- Developer: Attention to Detail
- Publisher: Sony Computer Entertainment
- Platform: PlayStation
- Release: EU: 18 October 2002;
- Genre: Racing
- Modes: Single-player, multiplayer

= Firebugs (video game) =

2002 video game

Firebugs is a 2002 racing video game developed by Attention to Detail and published by Sony Computer Entertainment for the PlayStation. As it was released late into the console's lifespan and the PlayStation 2 had been out for 2 years, it was only released in Europe.

==Gameplay==

Screenshot of a race in Firebugs

The player takes control of one of five vehicles in a futuristic race where speeds can reach over 400 miles per hour.
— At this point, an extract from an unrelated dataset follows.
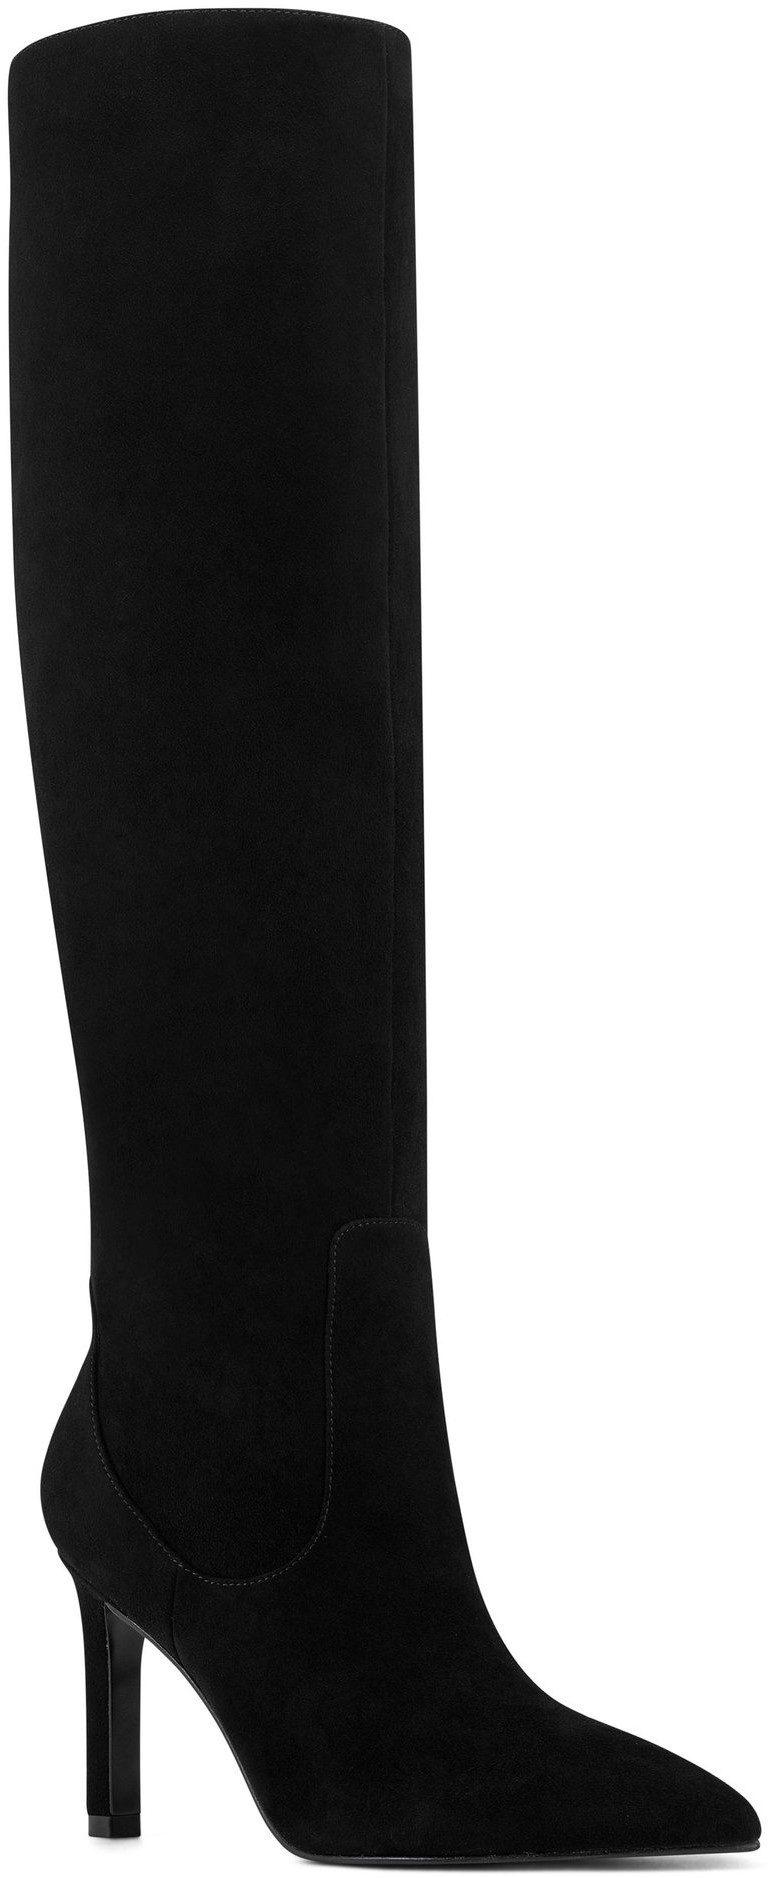 Black Suede Maxim Heel Boots-Nine West

Weapons and defences are used to help the player win races. The game modes include 1 player mode where the player can race on 25 tracks in 5 distinct worlds (Archipelago, Droid Gardens, Sky Dunes, Sky Port and Cloud City). There is 2 player mode which consists of the same basics as in one player mode.

==Soundtrack==
The game's soundtrack includes music from hip-hop group Bomfunk MCs, whose songs "We R Atomic" and "Put Ya Hands Up" are featured. These are of note because the album Burnin' Sneakers was not released in the UK, and so the songs have correlation to this game for many UK fans.

== Critical reception ==
Firebugs received positive reviews in the Evening Chronicle, the Birmingham Mail, and the Waikato Times.